Examination of the lipid panel showed nonequivalent lab results for total cholesterol, HDL-C, and LDL-C (Figure 4, A and B). To test for possible bias among testing services, we applied a Passing and Bablok regression to compare cholesterol and lipoprotein (LDL and HDL) results between Theranos and the 2 other reference laboratories. Theranos reported systematic biases toward lower test values for all 3 cholesterol components (Figure 5A). No significant differences were observed between the reference services (Figure 5B). Based on our data, total cholesterol values at 200 mg/dl showed a bias within 1.9% (95% CI, 0.8–2.4) between the 2 reference laboratories. In contrast, comparison between Theranos and the reference laboratories showed a 9.3% negative bias (95% CI, 7.9–10.7), which would exceed the CLIA TEa budget of ±10% once instrument imprecision is considered. Although TEa for HDL-C and LDL-C are not as stringent as total cholesterol, substantial negative biases exist for LDL-C (7.1% at 100 mg/dl; 95% CI, 4.9–9.9) and HDL-C (12.9% at 45 mg/dl; 95% CI, 10.0–14.9) between Theranos and the methodologies used by the other services. Although CLIA standards don’t control for bias between services, these differences highlight that greater transparency is needed for how Theranos calibrates its tests to interpret the lipid panel results properly.

Figure 4

Comparison of cholesterol labs among testing services. (A) Study population (n = 60) distributions for total cholesterol and lipoprotein components (LDL-C and HDL-C) for each of the testing services. Bean plots show the density estimates for each distribution. Thin horizontal lines represent individual values, and the thick horizontal lines reflect the mean of the population for a given testing service. (B) Kernel density estimates of the distributions for total cholesterol and lipoprotein measurements.
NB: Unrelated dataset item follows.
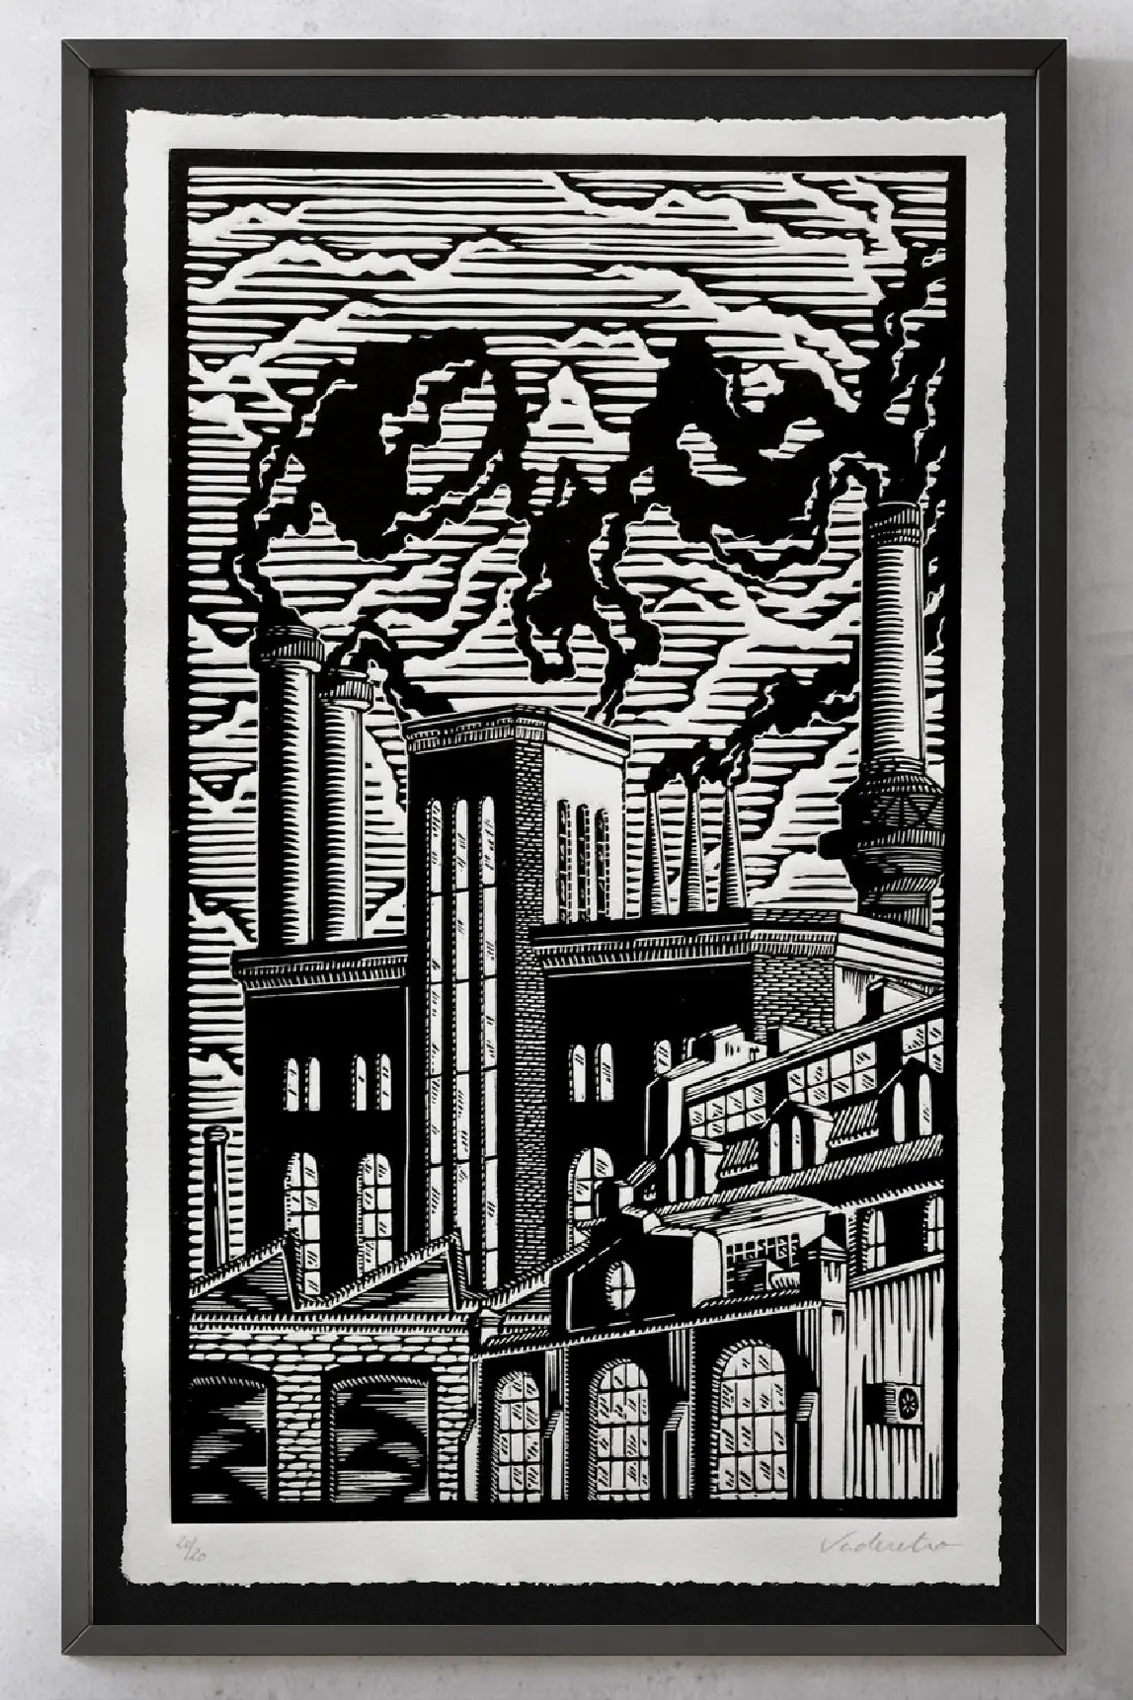 Death at the factory linocut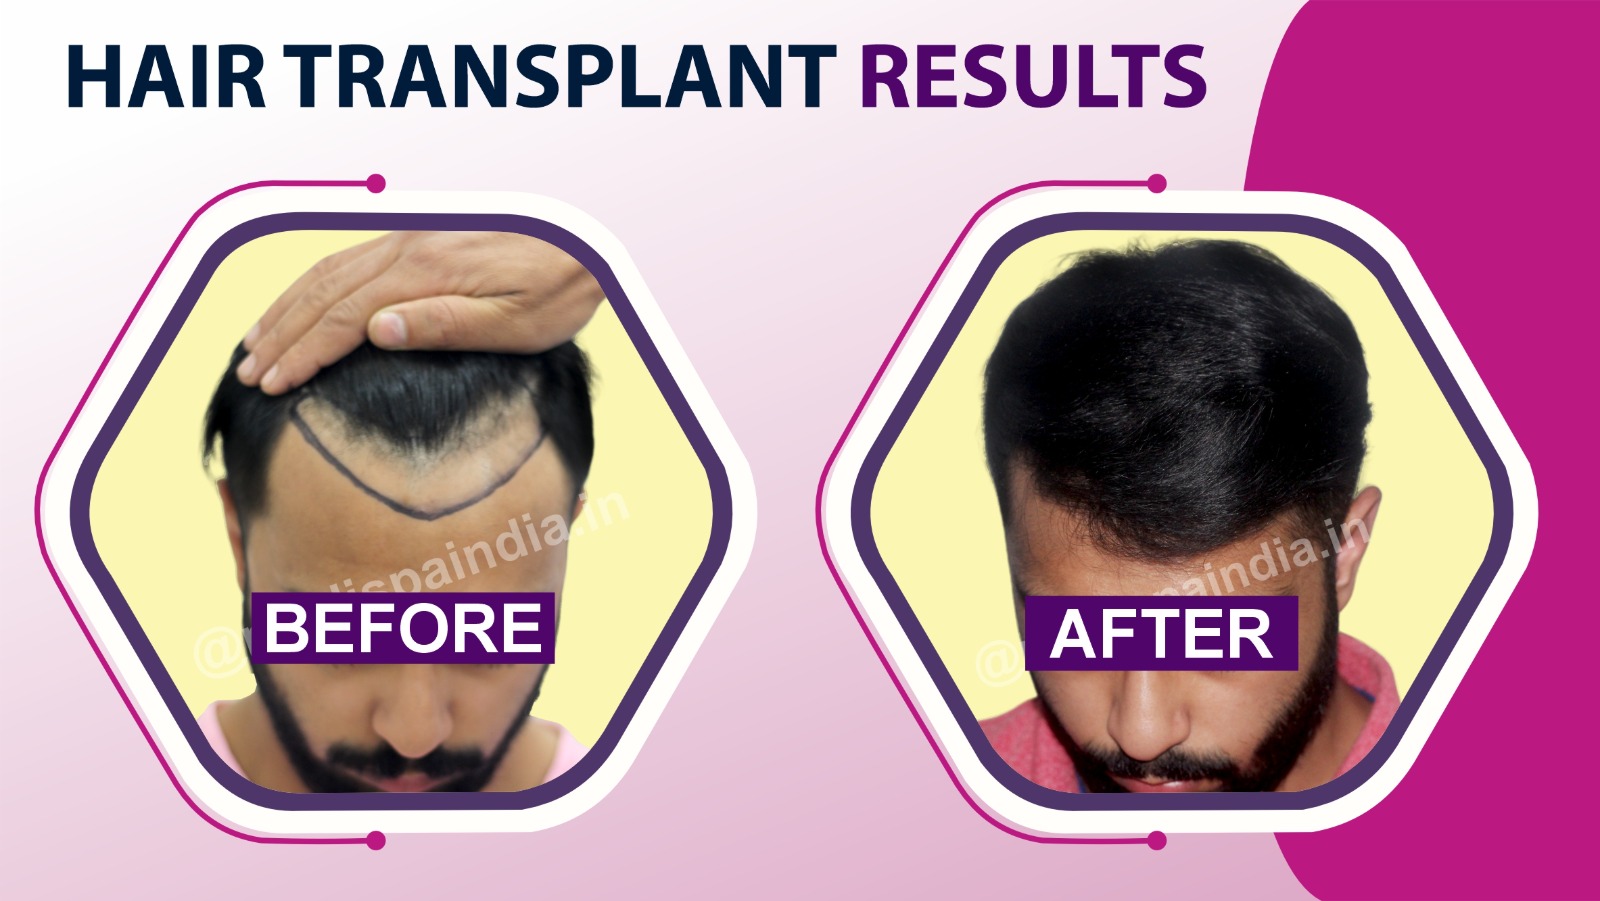 Is Hair Transplant The Best Option To Stop Receding Hairline?

Shaded regions indicate test result thresholds based on national lipid association guidelines: total cholesterol > 200 mg/dl, LDL-C > 100 mg/dl, and HDL-C < 45 mg/dl (22).

Figure 5

Estimation of laboratory test bias for cholesterol measurements. Bias estimated calculated using the Passing-Bablok regression (17). Blue line represents the bias across a range of values, and the shaded regions depict the 95% CI. Comparisons show the bias between 2 services. (A) Bias between Theranos low-volume results when LabCorp is the reference. (B) Bias between LabCorp and Quest.

Intersubject and interservice variability dominate lab test results. This study of lab tests collected from healthy adults found an unexpected degree of variability within and among testing services. Our study design allowed us to determine the magnitude and sources of variation in our cohort. Specifically, we examined 4 sources of variability that are primary factors for medical decisions: subject, testing service, collection time, and technical reproducibility. Although individuals constitute the largest source of variability, testing services also markedly influence lab results (Figure 6). Five lab tests showed substantial interservice variability (≥19% of the observed variance), and we found the interlab variance was greater than the intersubject variance for RDW and MCHC (52% and 95% CI, 49%–54%; 66% and 95% CI, 64%–69%, of the overall variance, respectively). Tests with large interservice variability were surprising, given that the blood collection times were exactly matched for LabCorp and Quest and closely matched for Theranos (i.e., finger prick occurred within 90 minutes of venipuncture for 90% of subjects).

Figure 6

Sources of lab test variability. Percent of the variability explained by each component of the LMM (testing service, subject, blood collection time, and “other”, i.e., residuals, unexplained by other covariates). Subject variability — not shown explicitly — makes up the remaining difference from 100% (e.g., MCHC = 23%, hs-CRP = 98%). The interservice variability can also be interpreted in terms of the intraclass correlation. For example, consider the lab test for MCHC. Variation across testing service explains 65% of the overall observed variance. This result is equivalent to saying that, after correcting for the effects of subject and collection time, the correlation between samples from different services is 65%.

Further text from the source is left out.